Summary
Evaluating patients with diabetes in a diabetes-specific emergency department short-stay unit
Affiliation of the authors
DOI
Quote
Matías Soler P, Gil Mosquera M, Perales Muñoz R, Corbatón Anchuelo A, González del Castillo JM. Evaluating patients with diabetes in a diabetes-specific emergency department short-stay unit. Rev Esp Urg Emerg. 2024;3:20–2
Summary
BACKGROUND. The COVID-19 pandemic led to poor continuity of care at the primary care level, a situation that increased the number of patients with diabetes attended in hospital emergency departments. Our department created a diabetes-specific shortstay unit for managing recently diagnosed disease in patients who did not require hospitalization.

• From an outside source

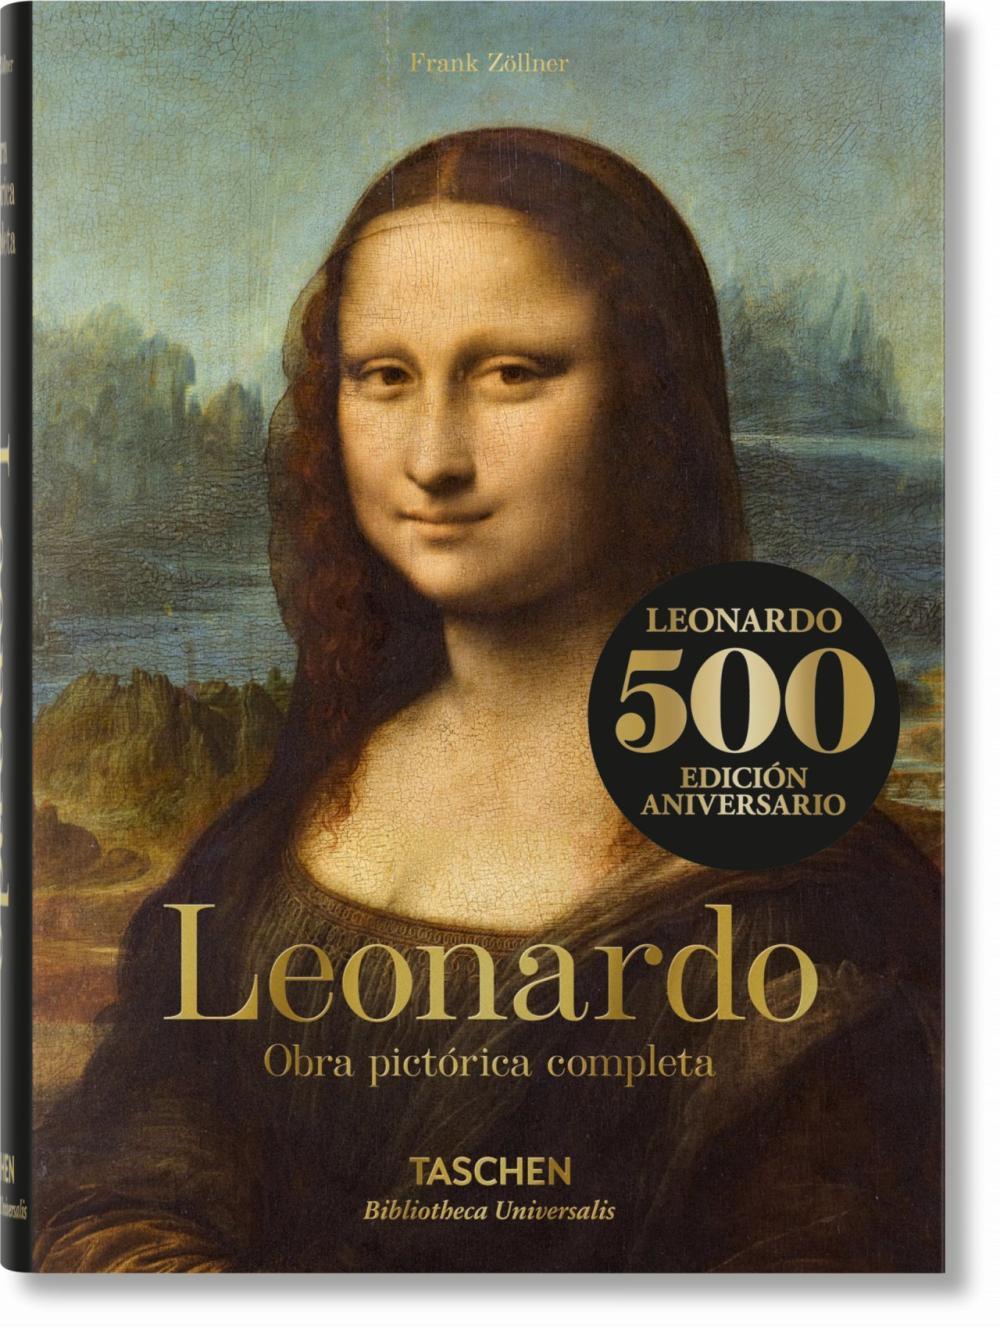 Leonardo da Vinci. Obra pictórica completa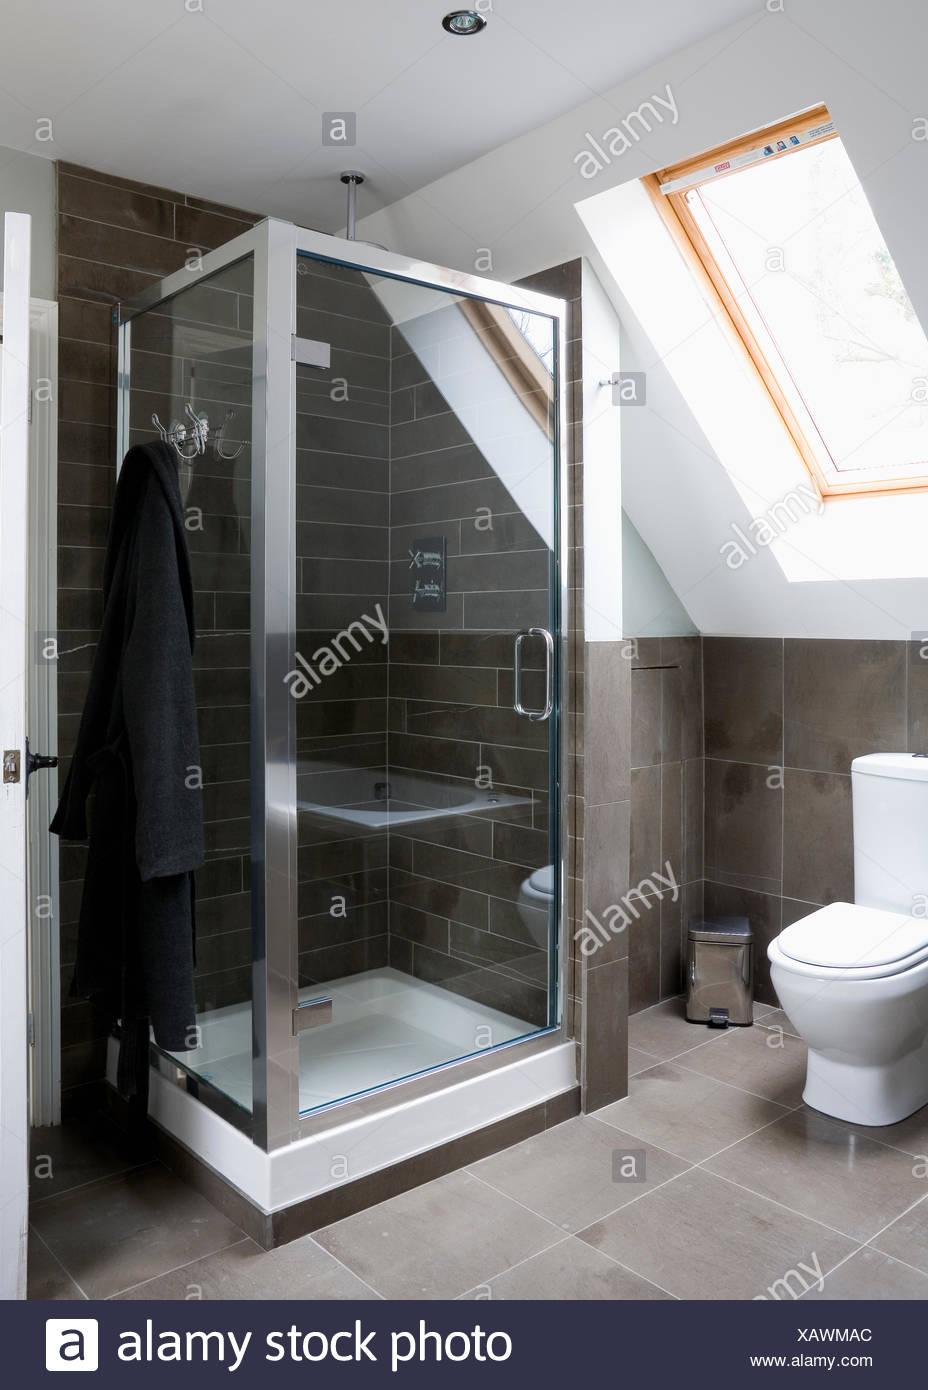 Calcare pavimenti e rivestimenti in moderni loft la - Doccia con finestra ...

OBJECTIVE. To evaluate the results of opening the short-stay unit, including whether the course of disease improved.
MATERIALS AND METHODS. Single-center, retrospective, observational analysis. We included all patients over the age of 18 years treated in the diabetese short-stay unit between October 1, 2021, and June 30, 2022. Demographic and metabolic data were extracted from records, as were patient revisits and hemoglobin A1c (HbA1c) levels after treatment.
RESULTS. Sixty patients were included; 58.18% were men, and the median age was 59 years. Cardiovascular disease was common and diabetes was poorly controlled. After the short-stay unit was opened, the 30-day revisiting rate for diabetic complications was minimal, at 1.82%, whereas the all-cause revisiting rate was 10.91%. HbA1c levels decreased over a 6-month period.
CONCLUSIONS. Diabetes control improved after implementation of the short-stay unit. Such short stay units could be cost-efficient.